7-5. Экономические убеждения Генри К. Кэри (1793-1879) частично обусловлены характером убеждений его отца Мэтью, который уже тогда чувствовал себя лидером «националистической школы». Из работ сына для нас наиболее важными являются следующие: Essay on the Rate of Wages (1835; это первое его экономическое произведение уже обнаруживает характерную слабость анализа); Principles of Political Economy (1837-1840); The Past, The Present, and the Future (1848); The Harmony of Interests, Agricultural, Manufacturing, and Commercial (1851); Principles of Social Science (1858-1859); Unity of Law (1872). В этот список не вошли его работы на тему денег и кредита и некоторые другие вещи. Предпоследнюю в списке работу я прочитал; тем, кто не собирается досконально изучать творчество Кэри, достаточно ознакомиться с ее содержанием. Из литературы о Кэри достаточно снова упомянуть восхищавшегося им Дюринга. Дж. С. Милль охарактеризовал его Principles of Social Science следующим образом: «Худшая книга по политической экономии, какую я когда-либо штудировал» (цит. по: O'BrienG. J. S. Mill and J. E. Cairnes//Economica. 1943. Nov. P. 274). К этому он добавил, что никогда не встречался с «таким аппаратом фактов и рассуждений, где факты были бы столь не заслуживающими доверия, а интерпретация фактов столь превратной и абсурдной» (ibid. P. 280).

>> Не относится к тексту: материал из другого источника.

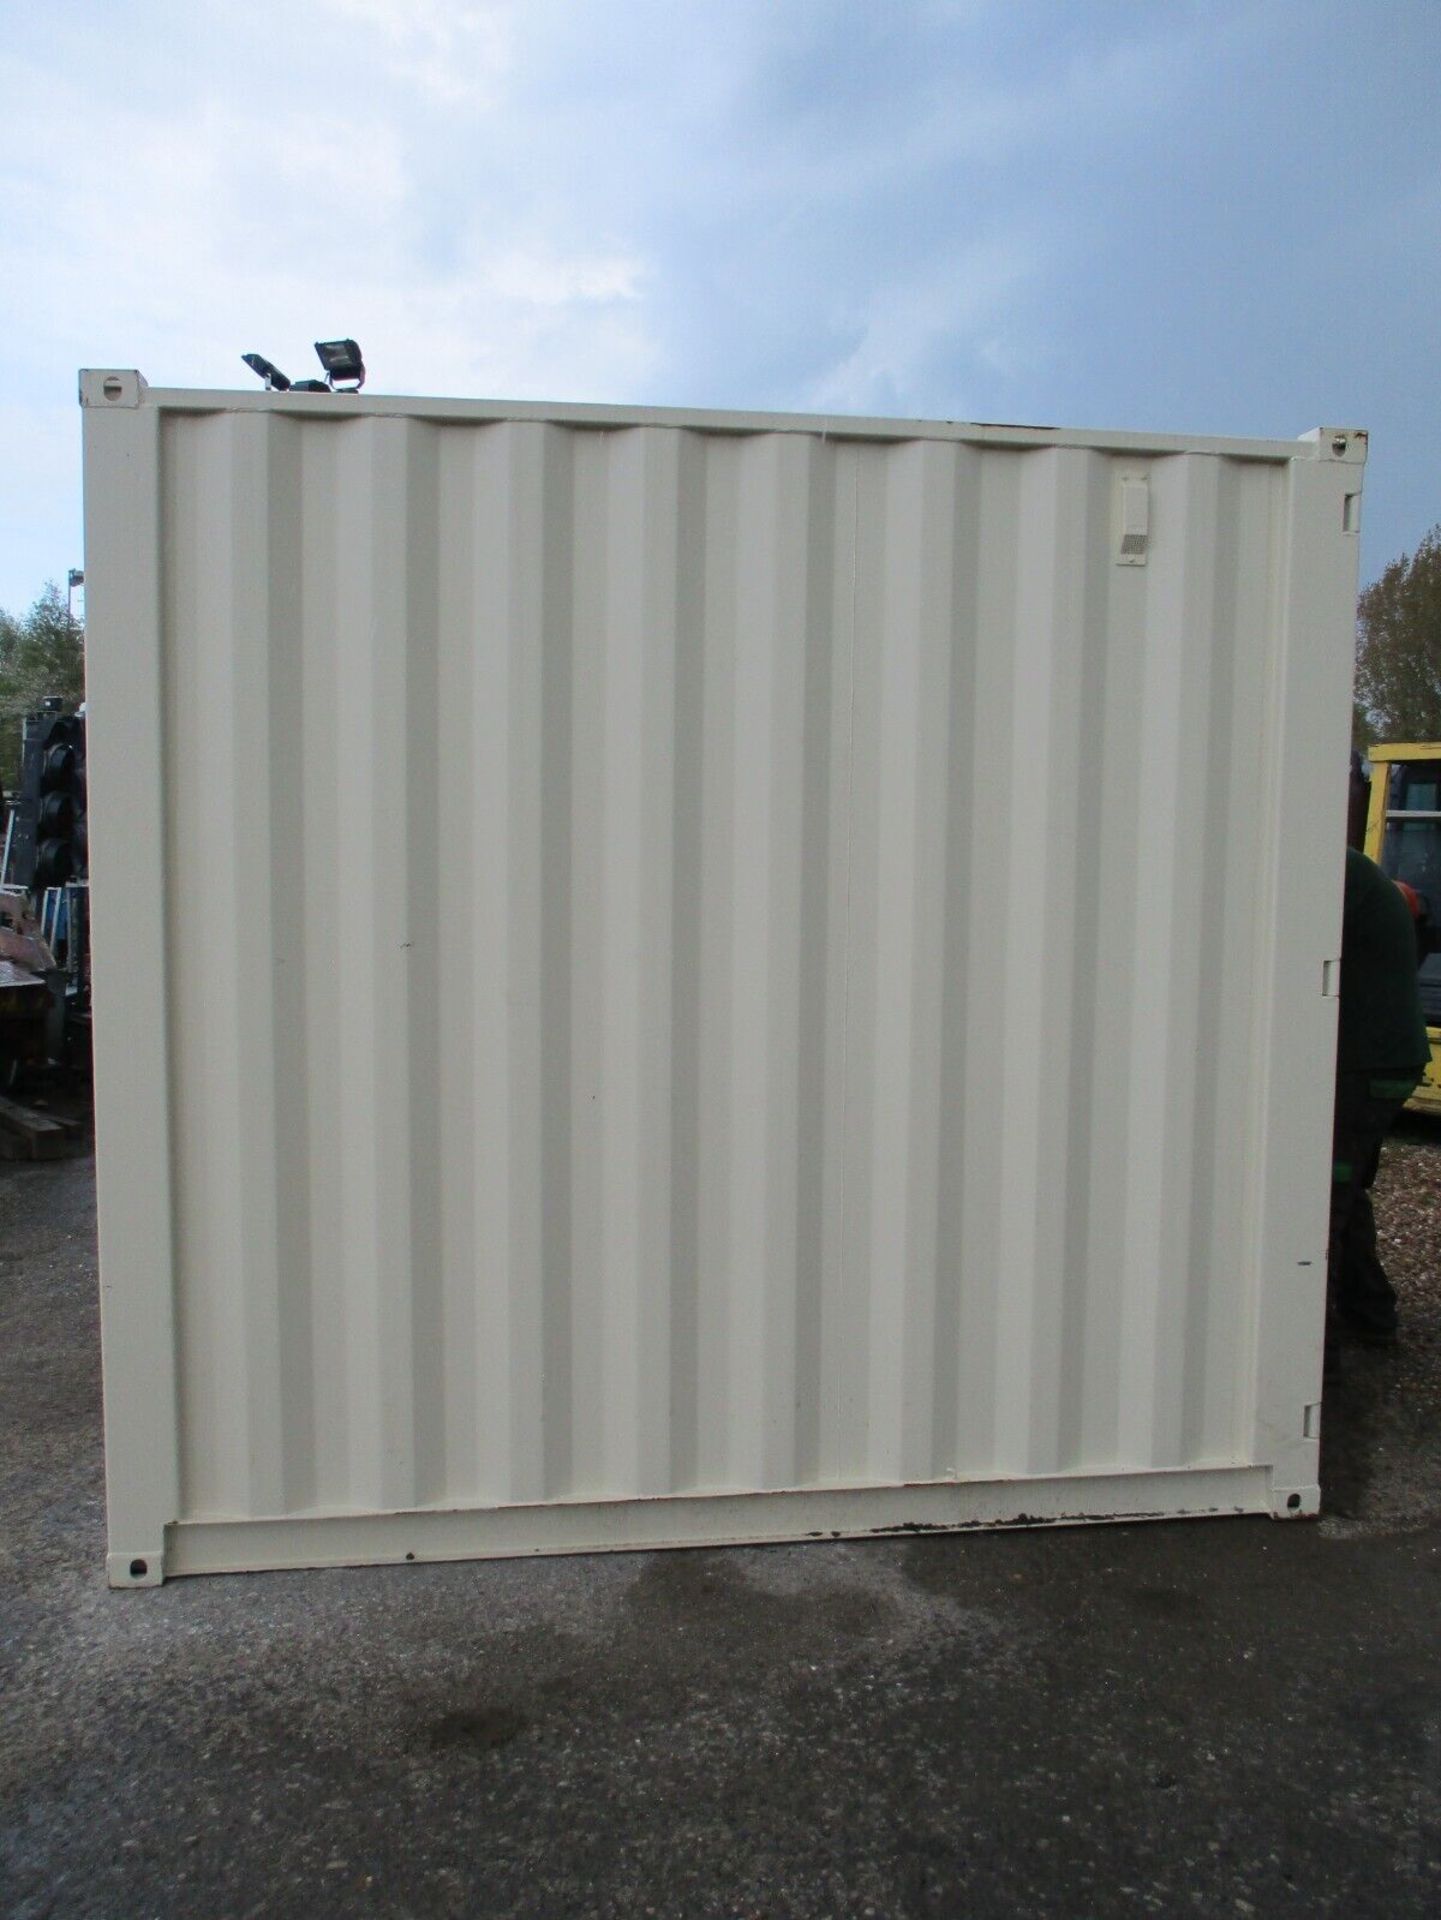 NEW 9 FOOT SECURE SHIPPING CONTAINER 10 HOME OFFICE GARDEN ROOM GARAGE SHED - Image 5 of 7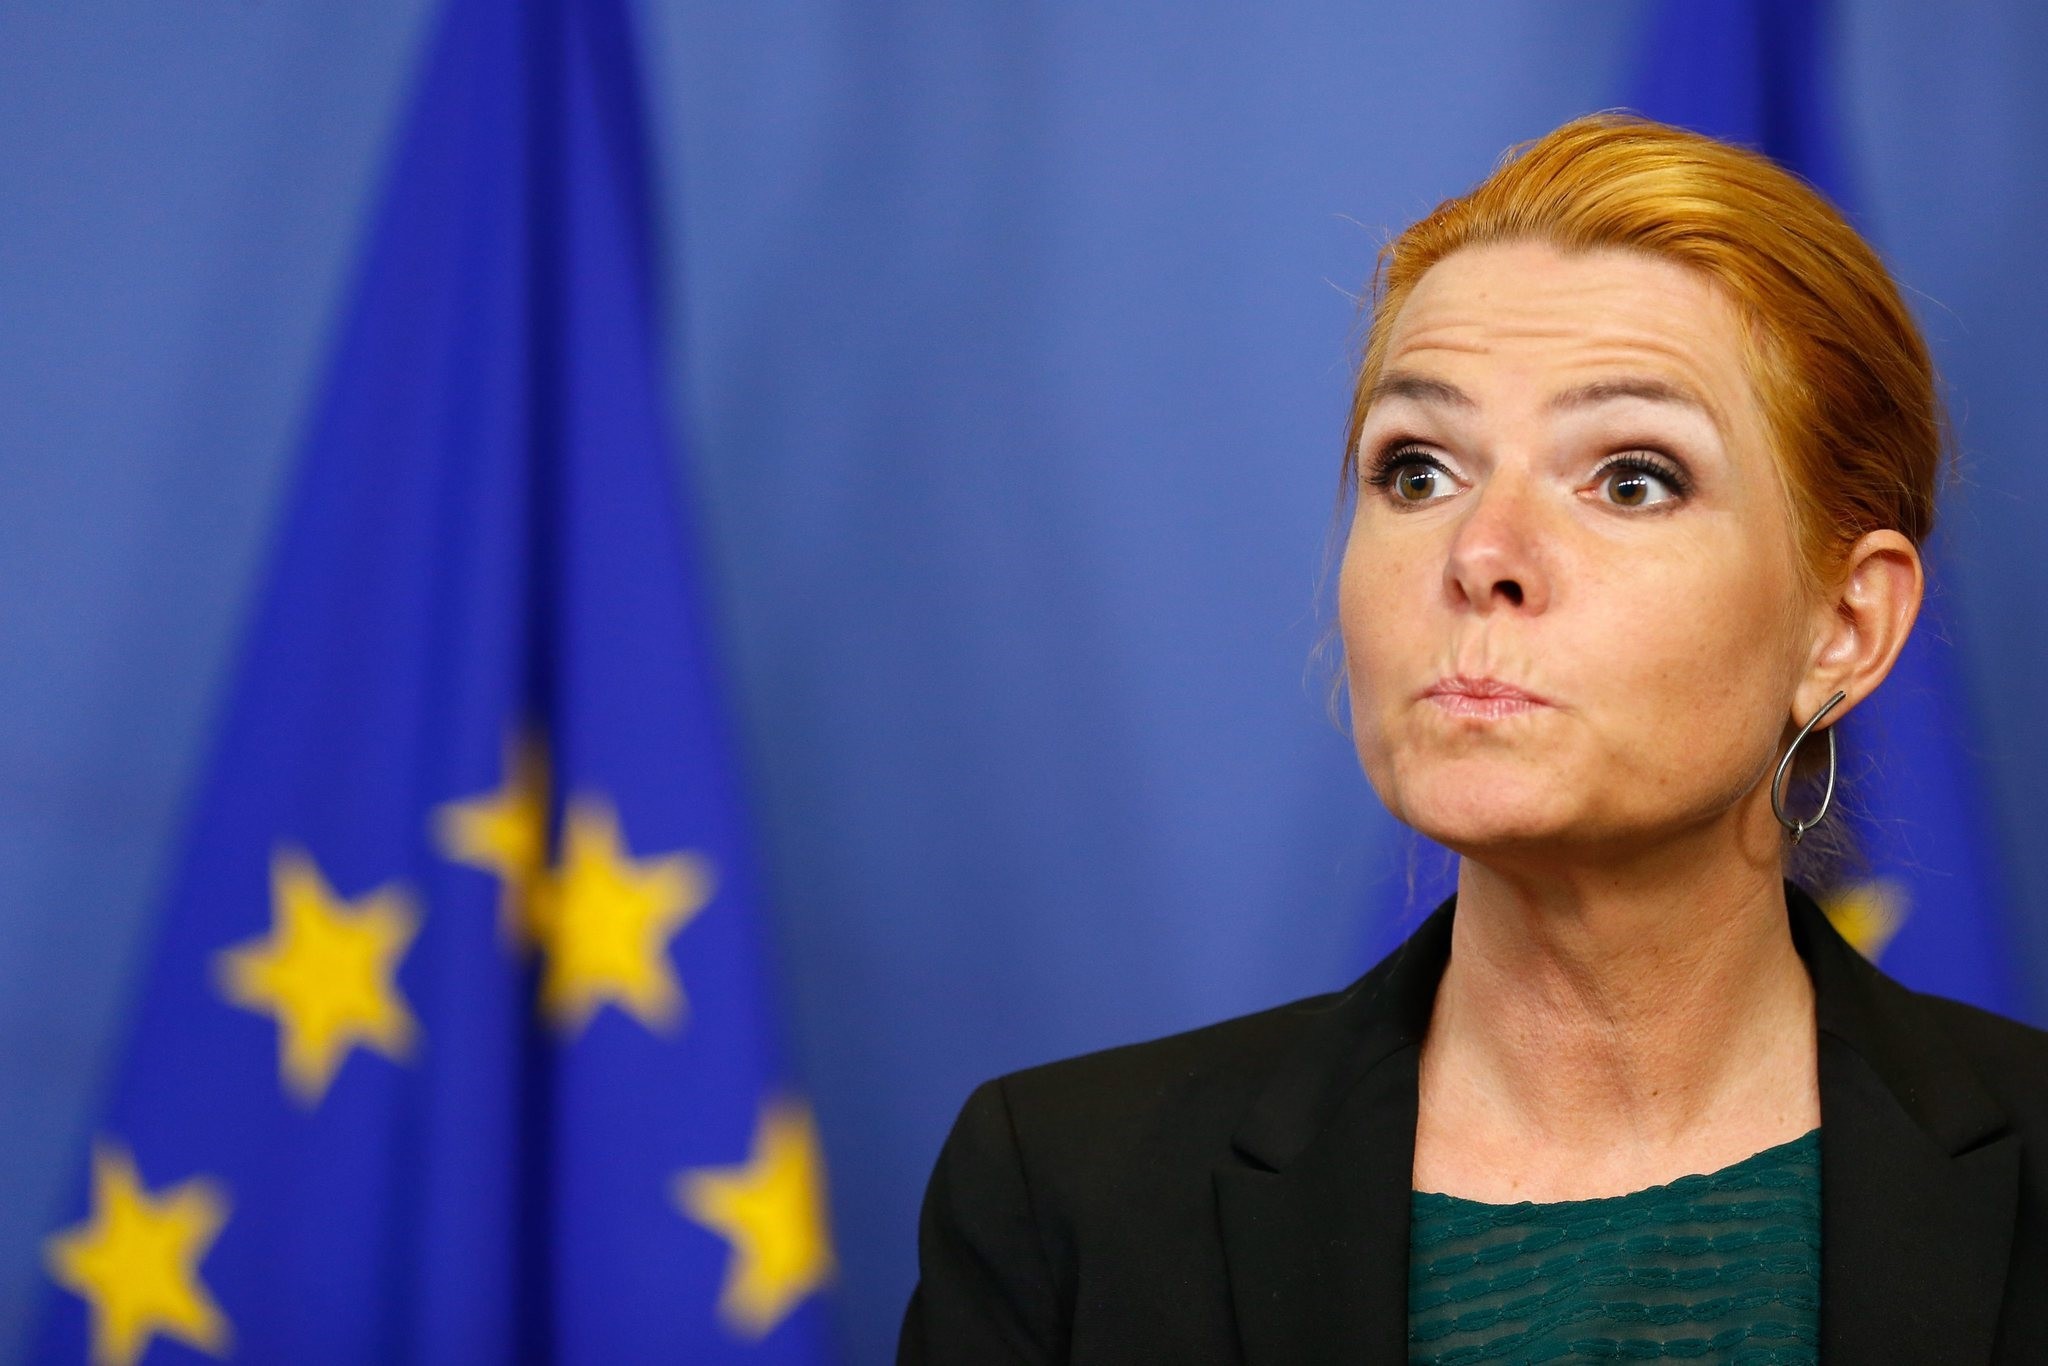 Danish Minister for Immigration, Integration and Housing Inger Stojberg during a press conference at the EU Commission in Brussels, Belgium, 06 January 2016. (EPA Photo)

7-6. Мы увидим, что он совершил ту же ошибку, что и его критики-фритредеры.

7-7. Читатель, конечно, понимает, что приговор Кэри как мыслителю выносит не его суждение, касающееся исторического факта, поскольку он мог использовать для своей теории исторический пример ситуации, когда по разным причинам тощие земли культивировались раньше плодородных, а его убеждение, будто данное утверждение, верное или ошибочное, имело отношение к теории Рикардо.

7-8. Эта теория, разработанная Кэри в Principles of Political Economy (1837-1840), существенно отличается от теории издержек воспроизводства Феррары.

7-9. Более высокую оценку Дэниела Реймонда (1786-1849), написавшего Thoughts on Political Economy (1820; 2-е издание, озаглавленное Elements of Political Economy, вышло в 1823 г.), можно найти у Тейяка (Teilhac E. Pioneers of American Economic Thought in the Nineteenth Century). Разница во многом объясняется тем, что профессор Тейяк уделяет основное внимание аспекту экономической мысли в работе Реймонда, который действительно интереснее аналитического аспекта. Однако следует признать наличие в книге некоторых аналитических усилий. Он представил теорию капитала (как промежуточных благ), которая, учитывая дату ее появления, не лишена достоинств. Об основной работе А. X. Эверетта см. ниже, в главе 6. Джордж Таккер (1775-1861) кроме других работ написал также Laws of Wages, Profits and Rent Investigated (1837); сведения о других вкладах этого довольно значительного экономиста см. в § 8Ь и в главе 7, § 3. Работа Френсиса Боуэна (Bowen Francis. American Political Economy. 1870; впервые опубликована под заглавием Principles of Political Economy applied to the Condition, the Resources and the Institutions of the American People. 1856) помещена здесь только по причине своего названия. Работа Амазы Уокера (1799-1875), отца Френсиса Уокера {Walker Amasa. Science of Wealth. 1866), должна быть упомянута как типичная для «неамериканского» направления в экономической науке Соединенных Штатов. Просмотрев внимательно книгу, читатель получит ясное представление о том, что предлагала в то время американская экономическая наука. В остальном читатель найдет все необходимое для дальнейшего изучения вопроса у Селигмена (Seligman E.R.A. Economics in the United States).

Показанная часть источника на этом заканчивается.